◆ WORK ITEM: Everything below from the line with "Xiaomi Mi Notebook" through the line with "ФутболкаMr. PutinСтильная мужская" should be copied exactly, and nothing else; leave out the pictures.

◆ TASK INPUT:

BEGIN

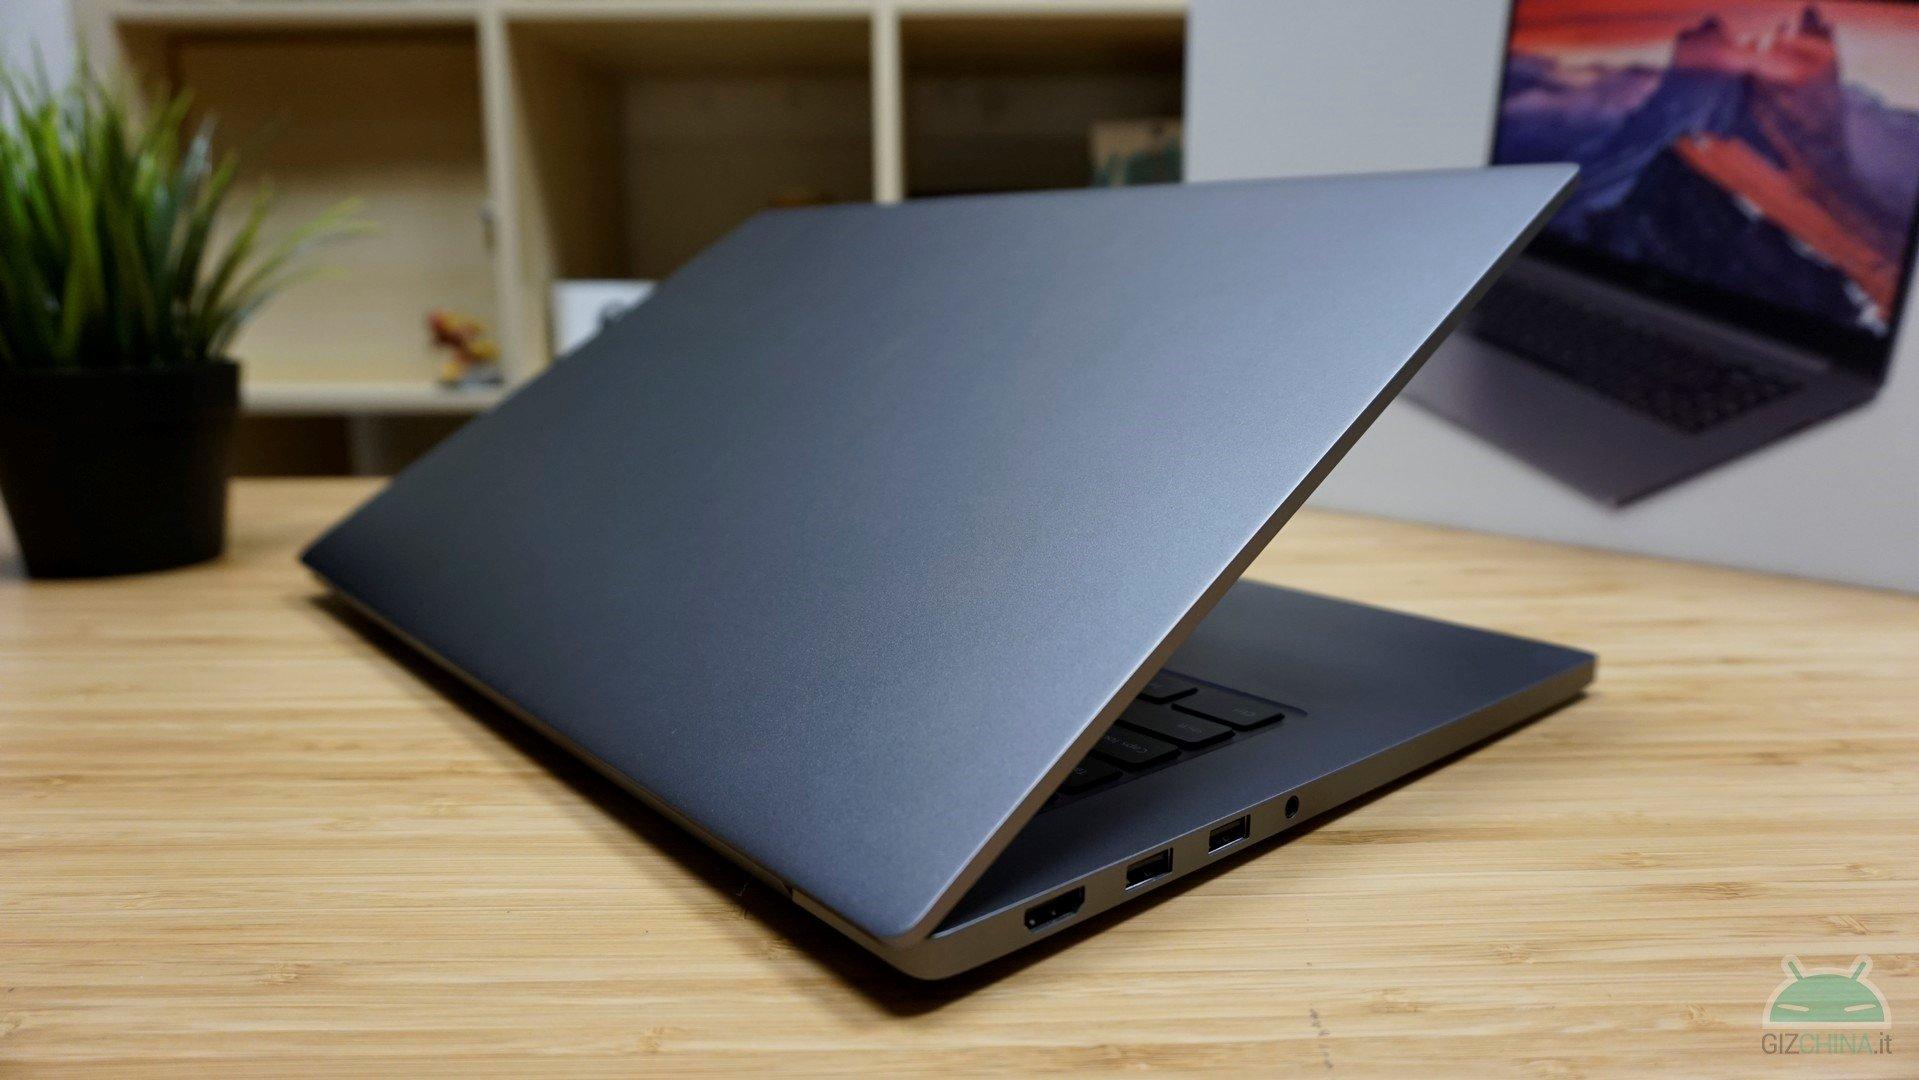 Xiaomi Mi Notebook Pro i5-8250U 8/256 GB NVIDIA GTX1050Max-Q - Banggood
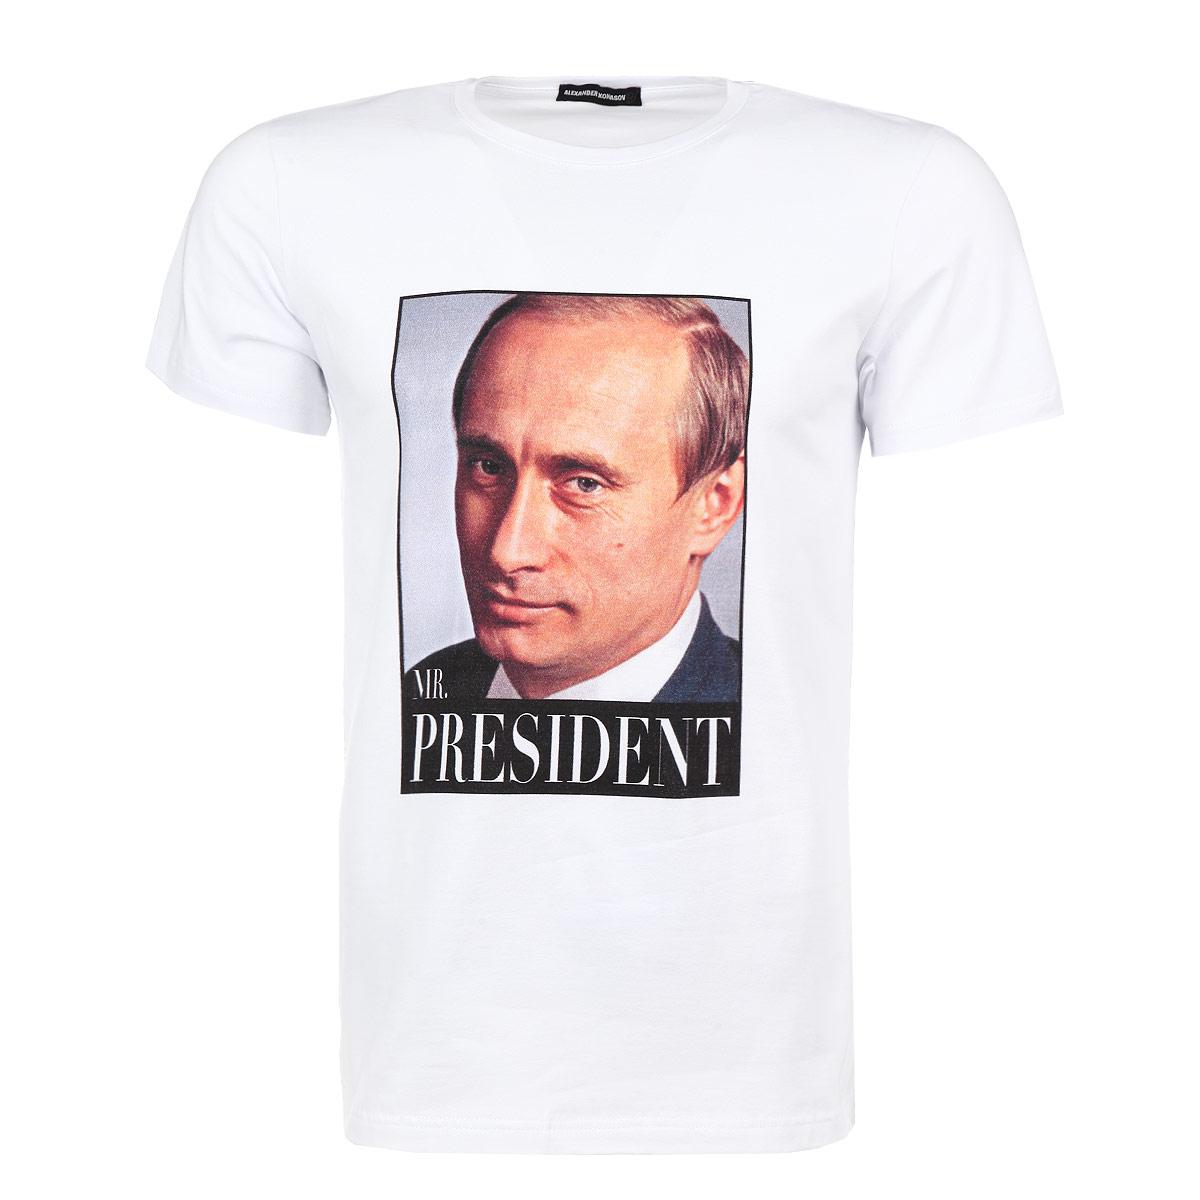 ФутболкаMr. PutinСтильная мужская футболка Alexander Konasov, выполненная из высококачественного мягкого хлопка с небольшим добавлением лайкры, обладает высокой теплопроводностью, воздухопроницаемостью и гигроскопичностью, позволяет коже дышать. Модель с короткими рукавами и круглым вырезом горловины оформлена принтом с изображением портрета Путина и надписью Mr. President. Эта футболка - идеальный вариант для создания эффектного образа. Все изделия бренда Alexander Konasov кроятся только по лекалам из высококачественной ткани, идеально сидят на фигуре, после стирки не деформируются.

END
BEGIN

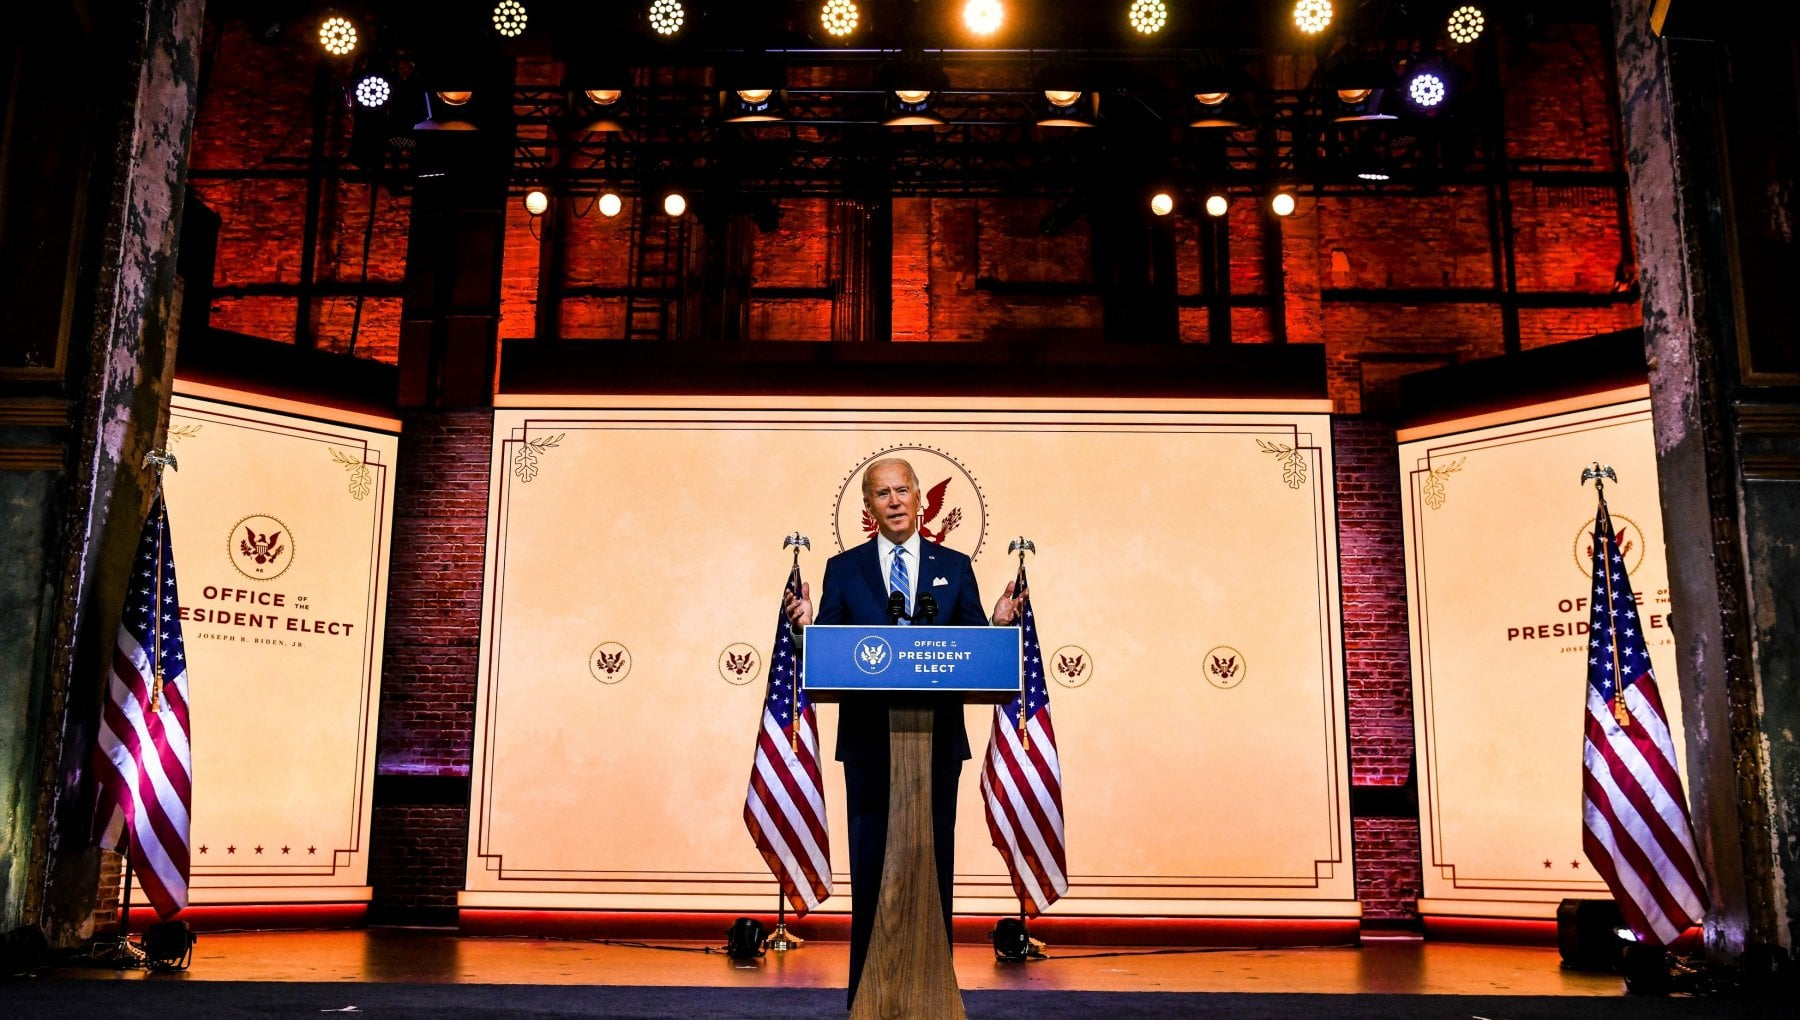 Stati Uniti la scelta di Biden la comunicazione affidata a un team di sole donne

END

◆ YOUR RESPONSE:
 Xiaomi Mi Notebook Pro i5-8250U 8/256 GB NVIDIA GTX1050Max-Q - Banggood
 ФутболкаMr. PutinСтильная мужская футболка Alexander Konasov, выполненная из высококачественного мягкого хлопка с небольшим добавлением лайкры, обладает высокой теплопроводностью, воздухопроницаемостью и гигроскопичностью, позволяет коже дышать. Модель с короткими рукавами и круглым вырезом горловины оформлена принтом с изображением портрета Путина и надписью Mr. President. Эта футболка - идеальный вариант для создания эффектного образа. Все изделия бренда Alexander Konasov кроятся только по лекалам из высококачественной ткани, идеально сидят на фигуре, после стирки не деформируются.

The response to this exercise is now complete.